Lúcia Murat e as memórias dos Anos de Chumbo

Lúcia Murat e as memórias dos Anos de Chumbo

Rodrigo Fonseca

10 de novembro de 2020 | 17h14

A diretora Lúcia Murat fala de seu cinema no simpósio Na Real_Virtual

Rodrigo Fonseca
Depois de tomar a Mostra de São Paulo de assalto com um dos filmes mais inquietos de sua obra confessional (“Ana. Sem Título”), Lúcia Murat promete torcer as certezas da gente em relação aos registros da ditadura militar em seu colóquio, ao lado do realizador Silvio Da-Rin, no seminário online Na Real_Virtual, às 19h, desta quarta-feira. Sua obra será revisitada. Basta acessar o link https://imaginariodigital.org.br/real-virtual/parte-2 para acompanhar o papeo entre ela e Da-Rin, mediado por perguntas dos curadores desta festa documental, o cineasta Bebeto Abrantes e o crítico Carlos Alberto Mattos. O tema desse encontro: Memórias de Chumbo, revisitado a partir das recordações e reinvenções de ambos sobre o governo de farda de 1964 a 1985. Da obra de Lúcia foi selecionado “Uma Longa Viagem” (Kikito de melhor filme em Gramado, em 2011) e, do cinema de Silvio, escolheu-se o feérico “Missão 115”, destaque do É Tudo Verdade em 2018.

“Uma Longa Viagem”: Kikito de melhor filme em Gramado, em 2011

Há três anos, Lúcia deixou o Festival do Rio com o prêmio de melhor direção pelo drama “Praça Paris”, que escala como protagonista uma das maiores revelações do teatro nacional no momento, Grace Passô. Ela ganhou o Troféu Redentor na Première Brasil de 2017 por seu desempenho. Ao lado dela, aprece um outro achado: Digão Ribeiro, que ocupa (e ilumina) a telona não por seu corpanzil, mas por seu carisma e por sua inteligência cênica. Não há fresta que Grace e Digão não iluminem nas vielas do Rio de Janeiro esquadrinhadas por Murat.
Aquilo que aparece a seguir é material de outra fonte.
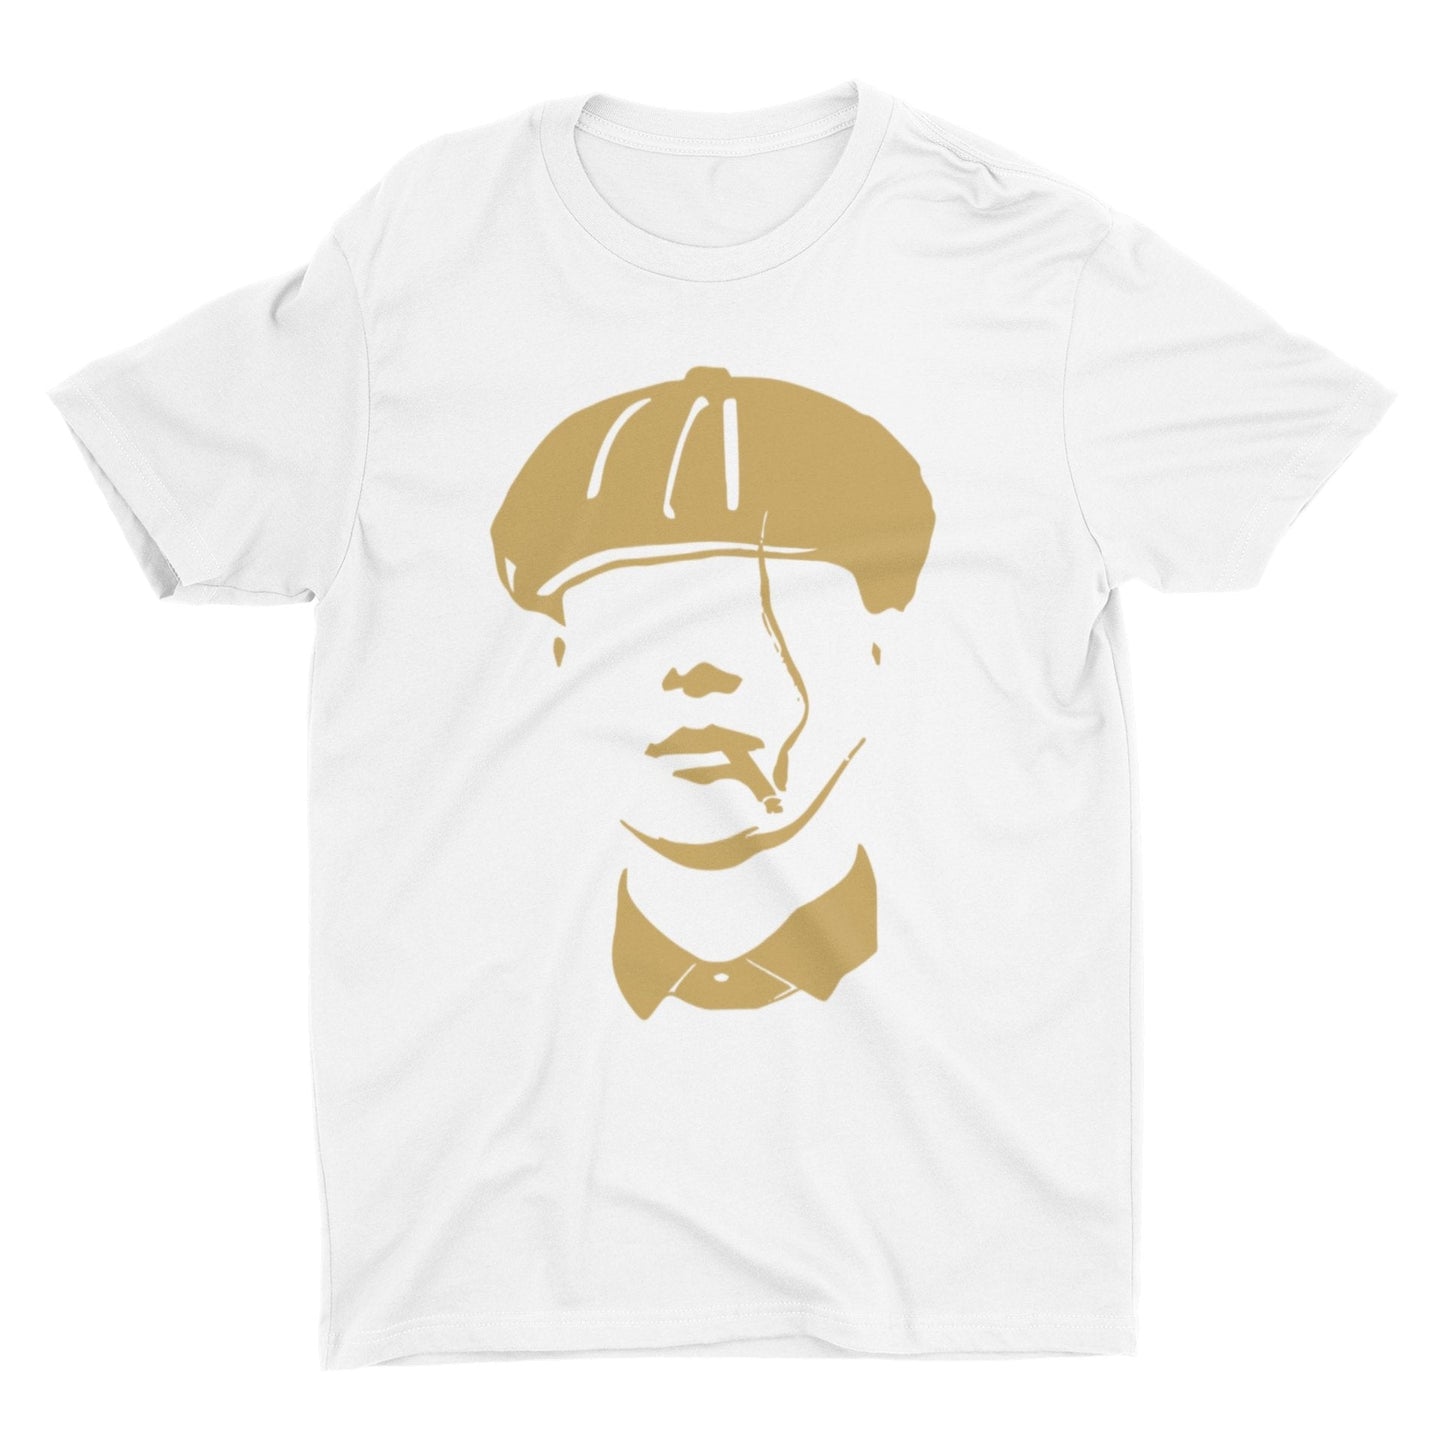 thelegalgang,Peaky Blinders Art T shirt for Men,.

O filme da realizadora de “Que Bom Te Ver Viva” (troféu Candango de melhor filme em Brasília, em 1989) se faz necessário por múltiplas razões, sobretudo por seu carinho com o lugar político da Universidade Estadual do Rio de Janeiro, a UERJ, e pela reflexão sobre a cena carcerária carioca. Neste ponto, a cineasta mostra a maestria (de mundo e de meios) com a qual já havia produzido o perturbador “Quase Dois Irmãos”, de 2004 – sua obra-prima. Uma maestria bem-vinda. E há um tom de thriller psicológico, que redesenha e redefine o filme lá pelo fim e que se alimenta, bastante, do talento dramatúrgico (como roteirista) de um dos mais provocativos escritores do Brasil hoje: Raphael Montes (de “Dias Perfeitos”). Ele escreve o filme a quatro mãos com Lucia, oxigenando de ideias.

“Praça Paris”: melhor direção no Festival do Rio 2017

Grace, aclamada nos palcos na peça “Vaga Carne”, desenha uma nova instância de representação de mulher da periferia no papel de Glória, uma ascensorista cujo irmão é um chefe do tráfico e cumpre pena sob o olhar atento da Polícia. Ela extravasa os nós do peito falando prum pastor (Babu Santana, sempre no ponto) e para uma jovem psicanalista que faz seus estudos de pós na UERJ, a jovem portuguesa Camila (Joana de Verona). Digão entra em cena como Samuel, o motoboy que mexe com a libido de Glória. Espera-se uma relação especular entre ela e Camila, mas o filme não estabelece essa parelha. Temos duas mulheres que se confrontam no olhar. Mas, apesar do talento inequívoco de Joana, é Grace quem vai desenhar as curvas de ação, deitando e rolando nos hiatos morais de Glória, fazendo dela uma personagem única.

No frigir das inquietações documentais do país, Abrantes e Mattos têm agendadas conversas com Adirley Queirós, Claudia Priscilla, Eryk Rocha, Evaldo Mocarzel, Joel Zito Araújo, Kiko Goifman, Roberto Berliner, Sandra Werneck, Susanna Lira e Walter Salles. Esses papos rolam sempre às 19h, às segundas, quartas e sextas. Valem a atenção. E o aplauso. É “O” evento do ano, tendo Márcio Blanco e sua Imaginário Digital como produtores.